Further lockdown could destroy businesses, minister warns

A renewed lockdown preventing new coronavirus infections from soaring to 600 a day would destroy local businesses, Northern Ireland’s economy minister has warned.

The number of diagnoses is predicted to double every 10 days in a major onslaught on the health service if nothing is done, chief scientific adviser Professor Ian Young said.

He added a “circuit breaker” shutdown of up to three weeks may interrupt the virus’s spread but was not recommending that happens immediately.

Minister Diane Dodds said businesses were in a “perilous” state.

“The Northern Ireland economy cannot afford another lockdown. Those small shoots of recovery we are seeing would be destroyed.”

Another 220 new cases of Covid-19 were confirmed in the last 24-hour reporting period, the Department of Health said.

Prof Young said: “In four weeks I would expect us to be, if nothing was done, I would expect us to be at at least 500-600 cases a day.”

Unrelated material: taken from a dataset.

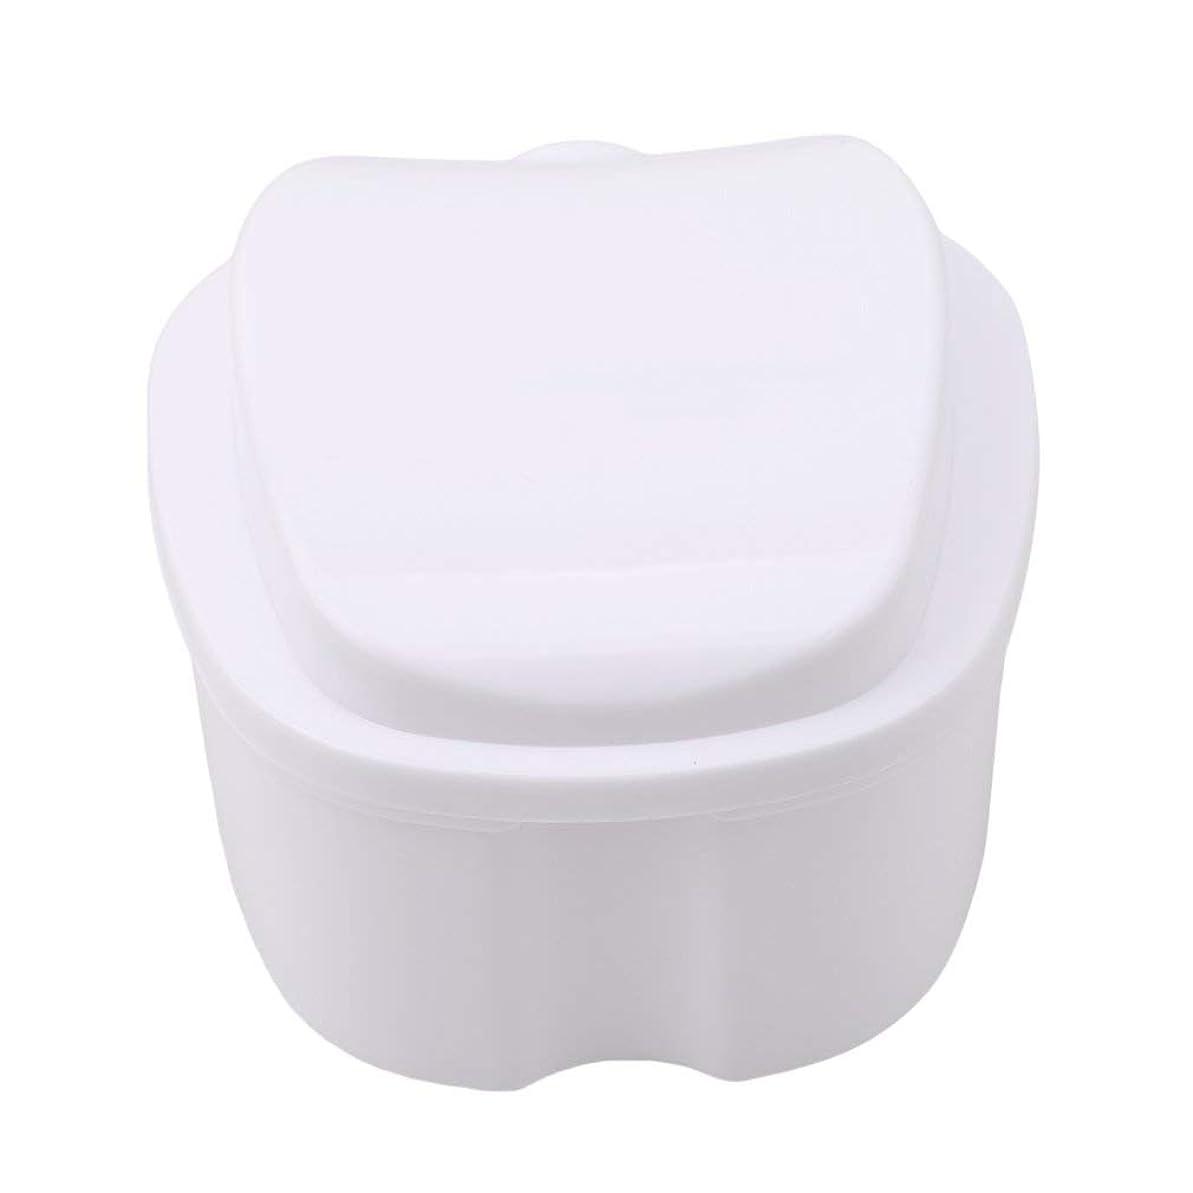 ホバート複数大いにkaiwuyu 収納ボックス 義歯収納用 リテーナーケース りんご柄 ホワイト 安全

He told the BBC’s Nolan Show it was not easy to translate the number of diagnoses into predicted fatalities.

“Even one death is a death too many and we know that there would certainly be deaths,” he added.

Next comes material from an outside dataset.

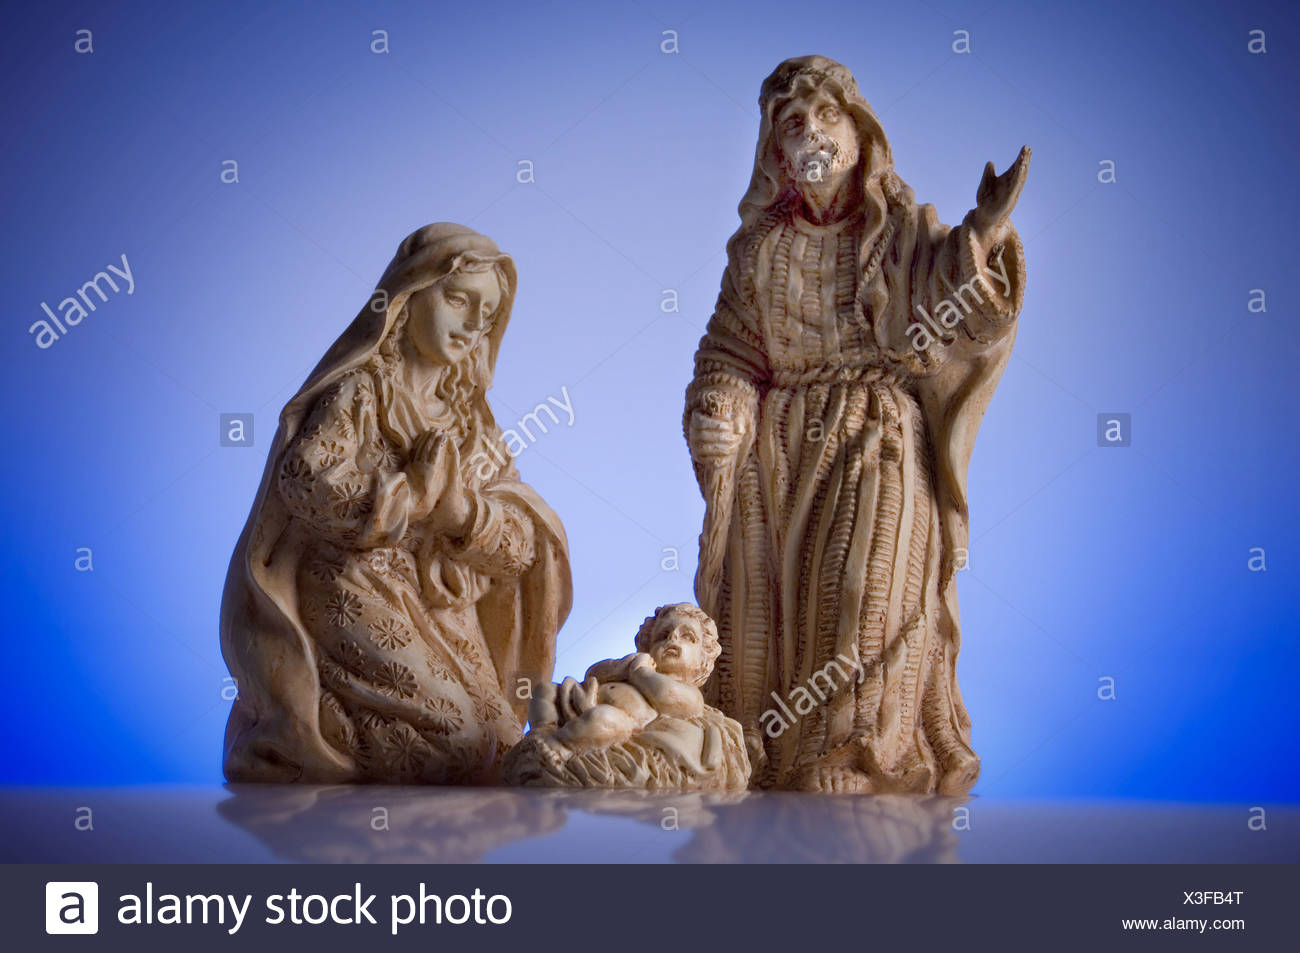 Großartig Baby Jesus Malvorlagen Fotos - Malvorlagen Von Tieren ...

Holy Cross College in Strabane, Co Tyrone, announced it was shutting its gates on Wednesday morning after recording confirmed infections.

(PA Graphics)
(PA Graphics)

Two were confirmed on Sunday and two more on Wednesday. A deep clean of the secondary school for around 1,550 boys and girls was undertaken.

Malone Integrated College in Belfast reported a positive case among the teaching staff. Close contacts have been notified and the school reopens on Friday.

Principal Katrina Moore said: “As a result of our stringent protocol in place for tracking and tracing, we have been able to minimise the impact on staff and pupils.”

More than two-thirds of teachers in Northern Ireland are concerned about access to coronavirus tests, the NASUWT union said.

Pubs that do not serve food are reopening across Northern Ireland on Wednesday, despite fresh Covid-19 restrictions.

Joanne Shilliday, owner of the Hole In The Wall pub in Armagh city, said she had not expected to have to close for so long, but the building had weathered attacks and fires during the Troubles, and will survive coronavirus.

Coronavirus – Fri Jul 3, 2020
Coronavirus – Fri Jul 3, 2020

“It feels a bit like being back at the beginning – you don’t know what is ahead of you, but it’s nice to see the regulars back and have the staff back.

“We’ll get through it, we’ll do whatever we have to do, whatever regulations are in, we’ll do what we have to to stay open,” she said.

“The Guinness seems to be going down well so far.”

Pubs welcome back customers a day after additional restrictions limiting domestic gatherings were imposed across the country aimed at curbing spiralling infection rates.

There can be no mixing of households indoors, with some exemptions, while no more than six people from two households can meet in a garden.

(PA Graphics)
(PA Graphics)

Previously, the measures only applied to Belfast and Ballymena in Co Antrim.

Reopening of so-called wet pubs was pushed back on several occasions by the Executive while those that serve food were able to lift shutters at the start of July.

Northern Ireland’s leaders acknowledged on Tuesday that Stormont’s latest Covid-19 messaging had become confused.

First Minister Arlene Foster said the measures do not represent a second lockdown but should act as a wake-up call.

She and Deputy First Minister Michelle O’Neill sounded the alarm as they called for a big push to curb the rising number of infections.